Filtering order: BFS traversal runs first; pattern filtering is applied to each FolderEntry after rebasing. The two compose naturally — depth controls which folders are visited, pattern filters what is yielded. See STORE-017.


DEPTH-003: Backend-native max_depth optimization

Invariant: Backend.list_files(path, *, recursive=False, max_depth=None) accepts an optional max_depth keyword. Backends that implement native depth limiting prune traversal early, reducing I/O. Backends that do not override the parameter simply ignore it — the Store-level client-side filter (DEPTH-001) serves as a correctness safety net.

ABC signature:

@abc.abstractmethod
def list_files(
    self, path: str, *, recursive: bool = False, max_depth: int | None = None,
) -> Iterator[FileInfo]:

Default behavior: max_depth=None preserves existing recursive semantics.

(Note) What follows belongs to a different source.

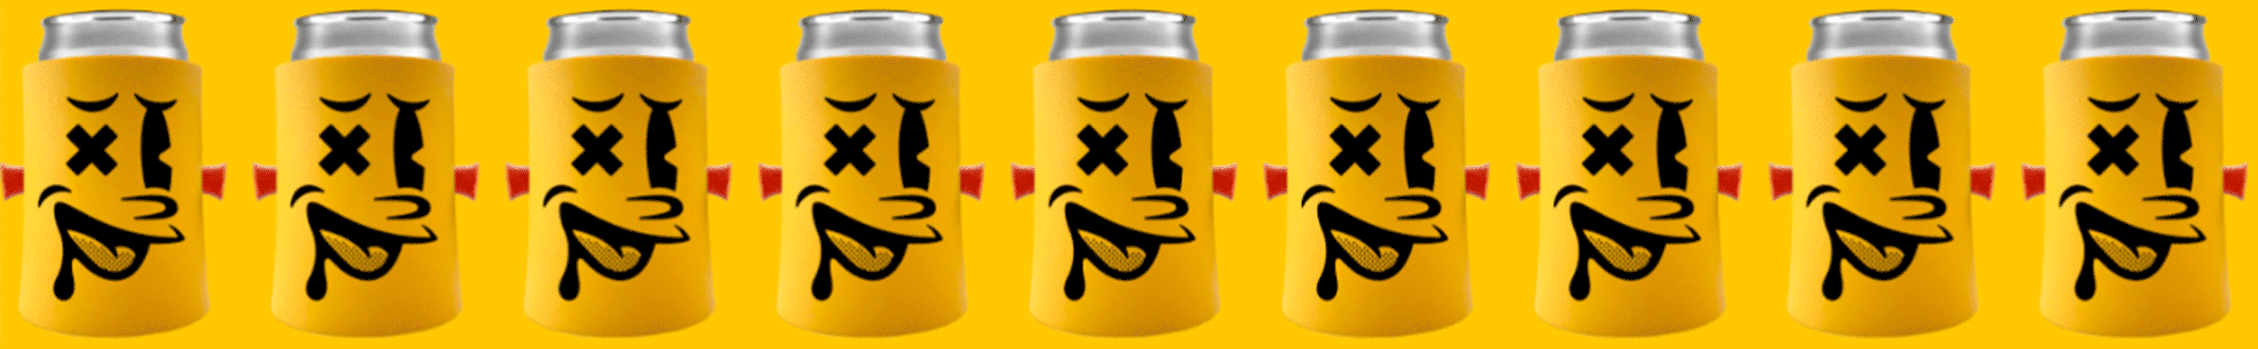 BeerPlugs animated gif

When max_depth is set, backends that support it prune traversal natively; others yield the full recursive result and the Store filters client-side.

Store delegation: Store.list_files() passes max_depth through to the backend call. The existing client-side depth filter remains as a no-op safety net when the backend already filtered natively.

No capability flag: Unlike glob, depth filtering produces identical results whether done natively or client-side. The optimization is purely performance.

Backend strategies:

Backend Native strategy
Local os.walk() with depth counter; skip dirs beyond limit.
SFTP Depth tracking in recursive calls; stop recursing at limit.
Memory DFS stack depth tracking; don't push beyond limit.
S3 Accept parameter, no native optimization (flat scan + client filter).
Azure Accept parameter, no native optimization (flat scan + client filter).
HTTP Accept parameter; raises CapabilityNotSupported (listing not supported).